Cynthia Kuk was just 10 years old when they had a conversation that would change their life forever.

"My mother, who worked as a translator for the government at the time, had been diagnosed with breast cancer, and after her chemotherapy treatments she would get really sick," Kuk, who uses they/them pronouns, recalls. "When I asked my dad why mom was puking so much, he said it was because of the medicine she was taking that would help her get better."

Kuk's response was immediate: "That's so stupid! Why would a medicine make you feel worse instead of better? When I'm older, I want to create medicine that won't make people sick like that."

Nine years later, Kuk traveled from their native Hong Kong to the United States to do exactly that. Kuk enrolled in a small, liberal arts college for their Bachelor's degree, and then four years later started a PhD program in cancer research. Although Kuk's mother was in remission from her cancer at the time, Kuk's goal was the same as it had been as a 10-year-old watching her suffer through chemotherapy: to design a better cancer treatment, and change the landscape of cancer research forever.

Since then, Kuk's mission has changed slightly.

"My mom's cancer relapsed in 2008, and she ended up passing away about five years after that," Kuk says. "After my mom died, I started having this sense of urgency. Cancer research is such that you work for twenty years, and at the end of it you might have a fancy medication that could help people, but I wanted to help people now." With their mother still at the forefront of their mind, Kuk decided to quit their PhD program and enter medical school.

Now, Kuk plans to pursue a career in emergency medicine – not only because they are drawn to the excitement of the emergency room, but because the ER is a place where the most marginalized people tend to seek care.

"I have a special interest in the LGBTQ+ population, as I identify as queer and nonbinary," says Kuk. "A lot of people in this community and other marginalized communities access care through the ER and also tend to avoid medical care since there is a history of mistreatment and judgement from healthcare workers. How you carry yourself as a doctor, your compassion, that can make a huge difference in someone's care."

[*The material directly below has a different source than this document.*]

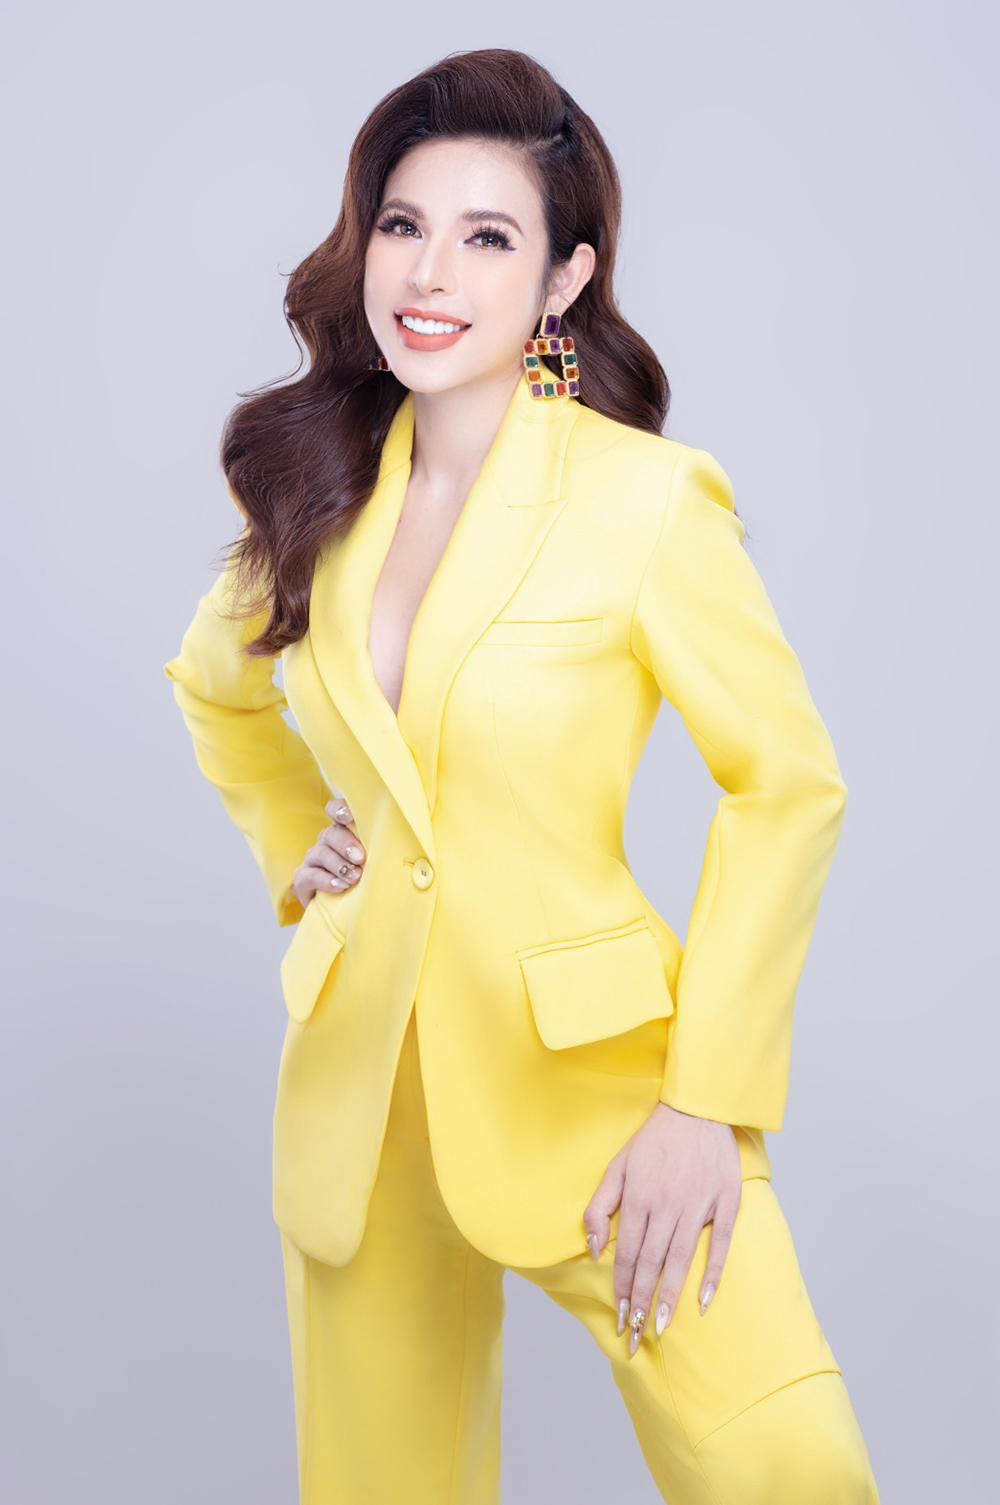 CEO Mã Hồng trẻ trung, xinh đẹp

In addition to making a difference in the lives of LGBTQ+ patients, Kuk wants to make a difference in the lives of patients with cancer as well, like their mother had.

"We've diagnosed patients in the Emergency Department with cancer before," Kuk says. "I can't make cancer good news but how you deliver bad news and the compassion you show could make a world of difference to that patient and their family."

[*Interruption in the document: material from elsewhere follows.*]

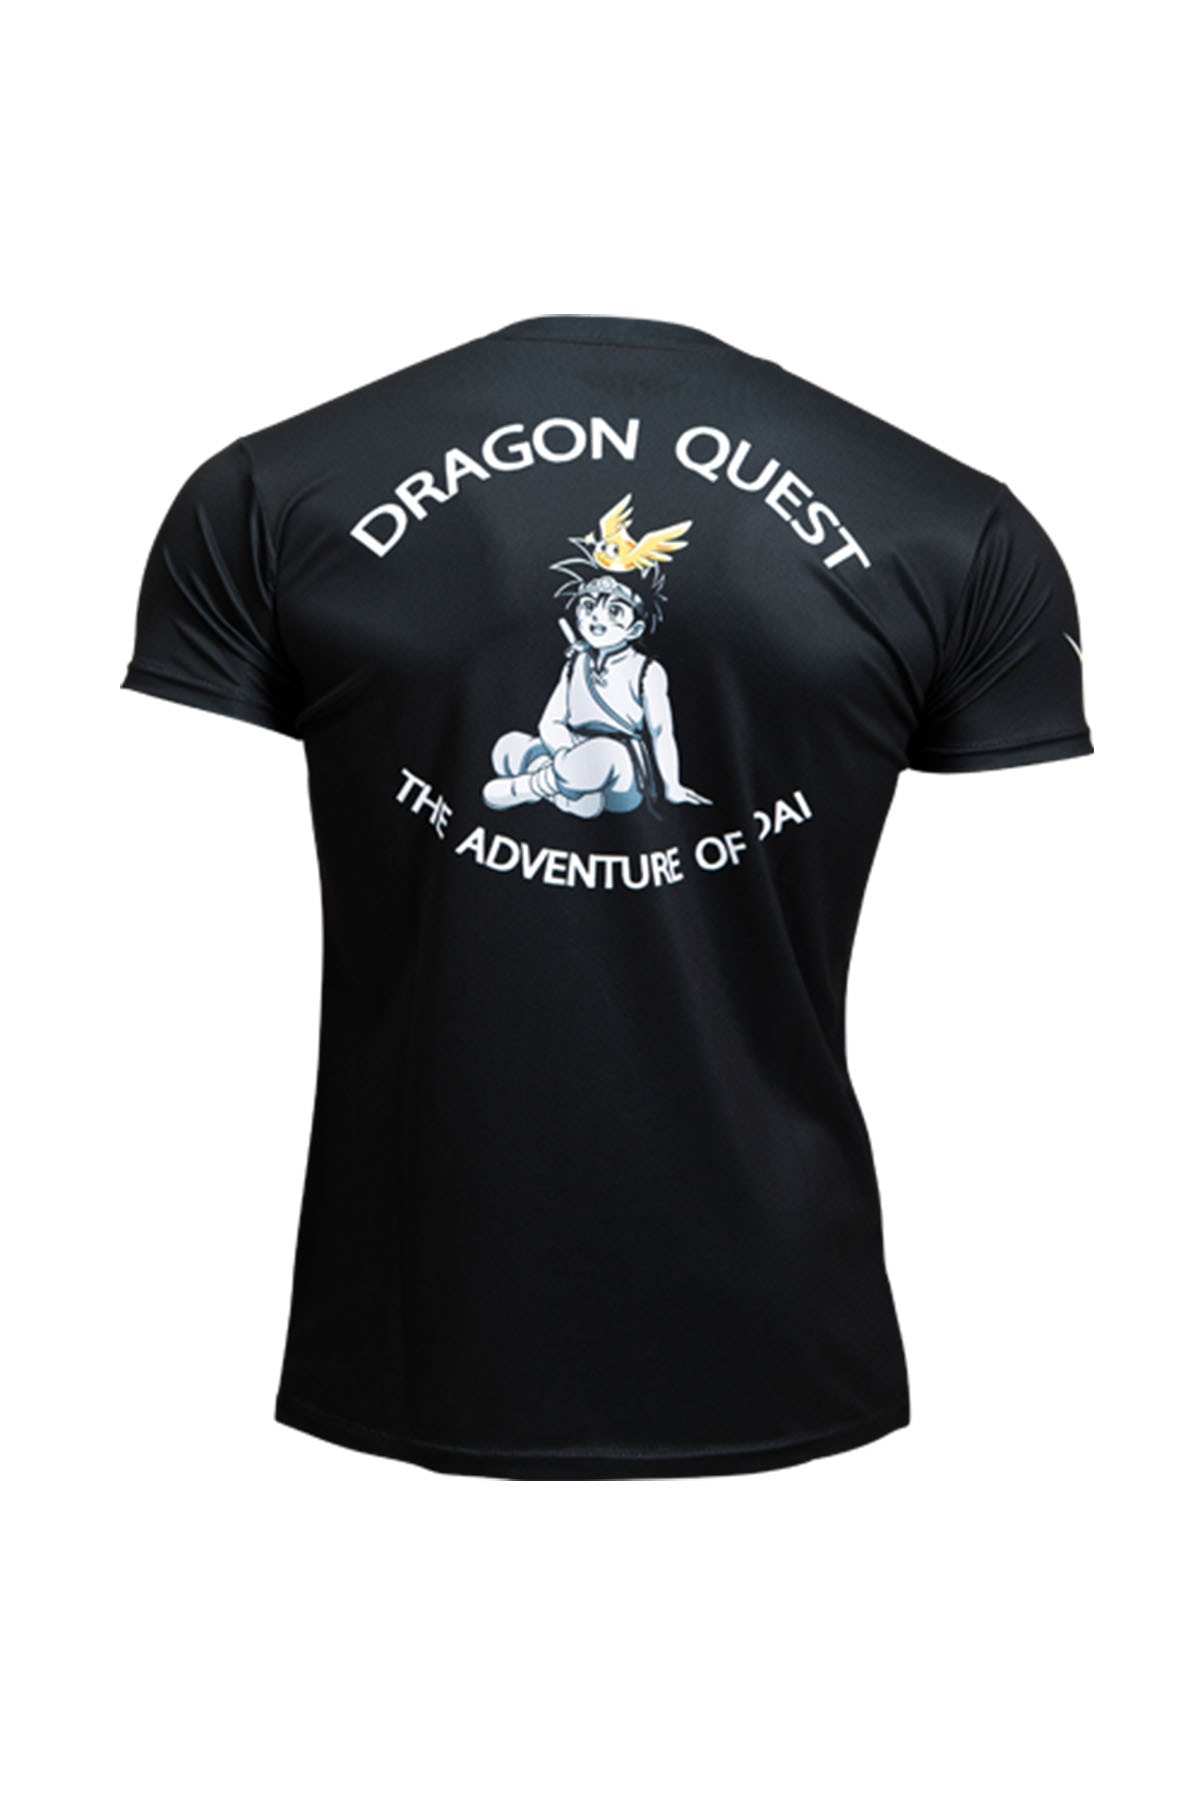 『ドラゴンクエスト ダイの大冒険』のキャラになりきれるスポーツウェアが登場 dragon quest the adventure of dai bodymaker collaboration sportswear release info

During their training, Kuk advocates for patients by delivering compassionate and inclusive care, whether they happen to have cancer or not. In addition to emphasizing their patient's pronouns and chosen names, they ask for inclusive social and sexual histories as well as using gender neutral language. In doing this, they hope to make medicine as a whole more accessible for people who have been historically pushed aside.

"I'm just one person, and I can't force everyone to respect you, if you're marginalized," Kuk says. "But I do want to push for a culture where people appreciate others who are different from them."